In State v. Williams, 152 N.C. 595, 68 S.W. 900 (1910), the Supreme Court found the predecessor to G.S. 14-234 applicable to a president and director of a company who was also an alderman although there was no evidence of moral turpitude. "The application of this rule may in some instances appear to bear hard upon individuals who have committed no moral wrong; but it is essential to the keeping of all parties filling a fiduciary character to their duty, to preserve the rule in its integrity, and to apply it to every case which justly falls within its principle." (Id. at 599) The Court left open the question whether the statute was applicable to a mere stockholder. In State v. Weddell, 153 N.C. 587, 68 S.E. 897 (1910), the Court held that the statute was inapplicable to a person who was both an alderman and an employee of a contractor with the city. The special verdict in the case found that Mr. Weddell "had no interest in the profit or losses" of the company on the contract." (Id. at 589). In an opinion of this Office to Mr. John F. Kime, dated November 14, 1978 (48 N.C.A.G. 68), this Office concluded that a public officer who is a stockholder of a corporation which contracts with a public body of which he is a member violates

G.S.
14-234. Although no North Carolina cases were found on point, courts of other states, construing language similar to that in our statute, have concluded that the amount of stock is immaterial since even one share of stock constitutes the "interest" which bring the person within the prohibition of the law.

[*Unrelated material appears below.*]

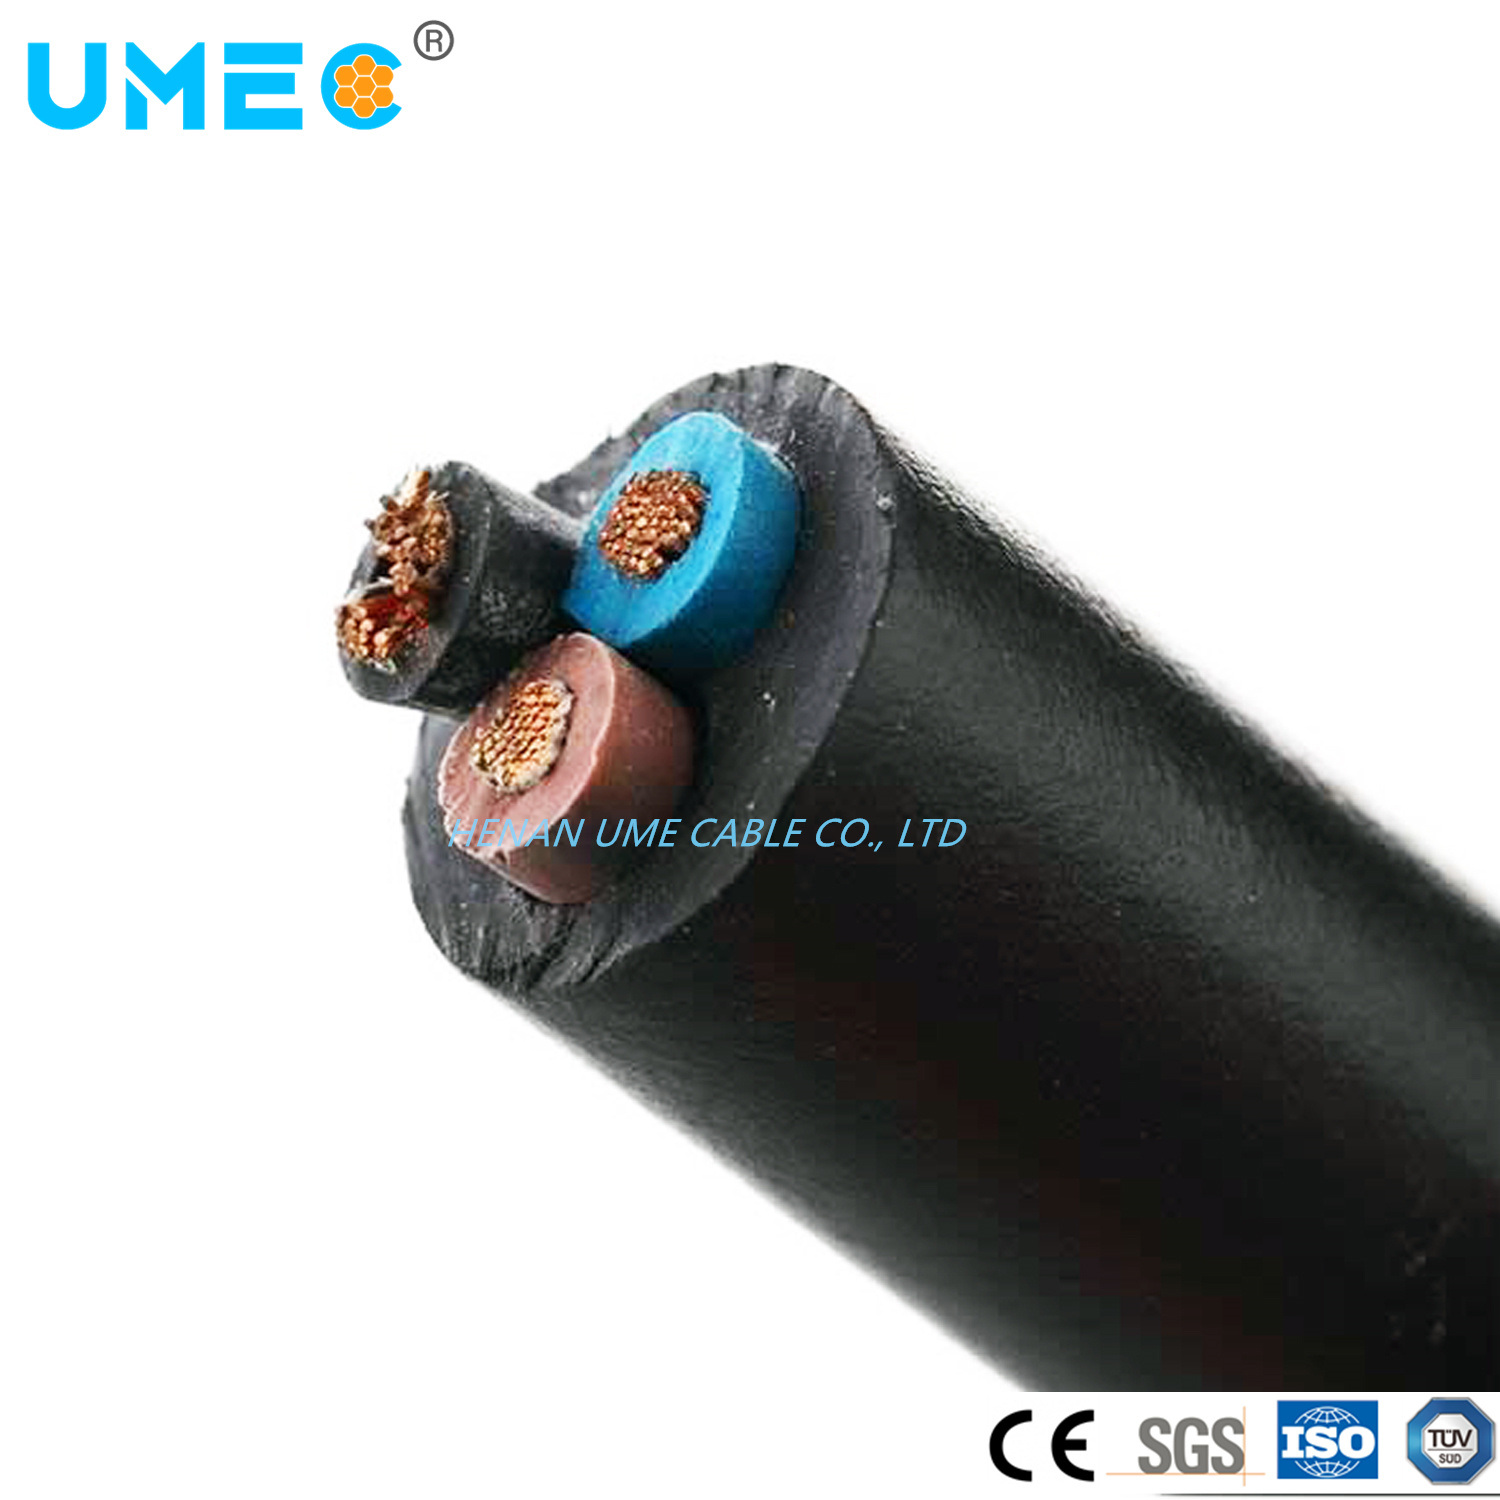 Electrical Heavy Standard Construction Oil-Resistant H05rn-F H07rn-F Power Control Electric Cable

Counsel for New Hanover Memorial Hospital, Inc. suggests that the nonprofit corporation conflicts of interest rule which is supported by the American Hospital Association and the Joint Commission on Accreditation of Hospitals should control. The rule only requires disclosure and abstention from discussion and voting on a specific issue. In contrast, G.S. 14-234 prohibits the making of a contract where there is a conflict of interest. See 48 N.C.A.G. 68 (1978). Counsel also suggests that since the company in question, General Electric Company, has outstanding two hundred twenty seven million (227,000,000) shares of stock, the trustee’s holdings are insignificant and his interest in the company is insubstantial. Although there may be merit to counsel’s argument, the statute, however, is contrary and forbids the making of a contract where the public officer is "in any manner concerned or interested in making such contracts, or in the profits thereof." As indicated previously, the owner of only one share of stock of a for-profit company would have an interest in the profits of a contract and therefore an interest prohibited by
G.S.
14-234. As long as a trustee of the hospital is a stockholder in the General Electric Company, the hospital should not enter any contract with the company. Unlike State v. Williams, supra, it does not appear that the trustee’s position as General Manager of the Wilmington Manufacturing Department of the General Electric Company subjects the trustee to the penalties of G.S. 14-234 because, according to counsel’s letter, the Wilmington plant manufactures components of commercial nuclear reactors and not medical equipment and supplies for which the hospital would contract. Thus, the nexus between the position of public officer and corporate manager in the aforementioned case is not present here.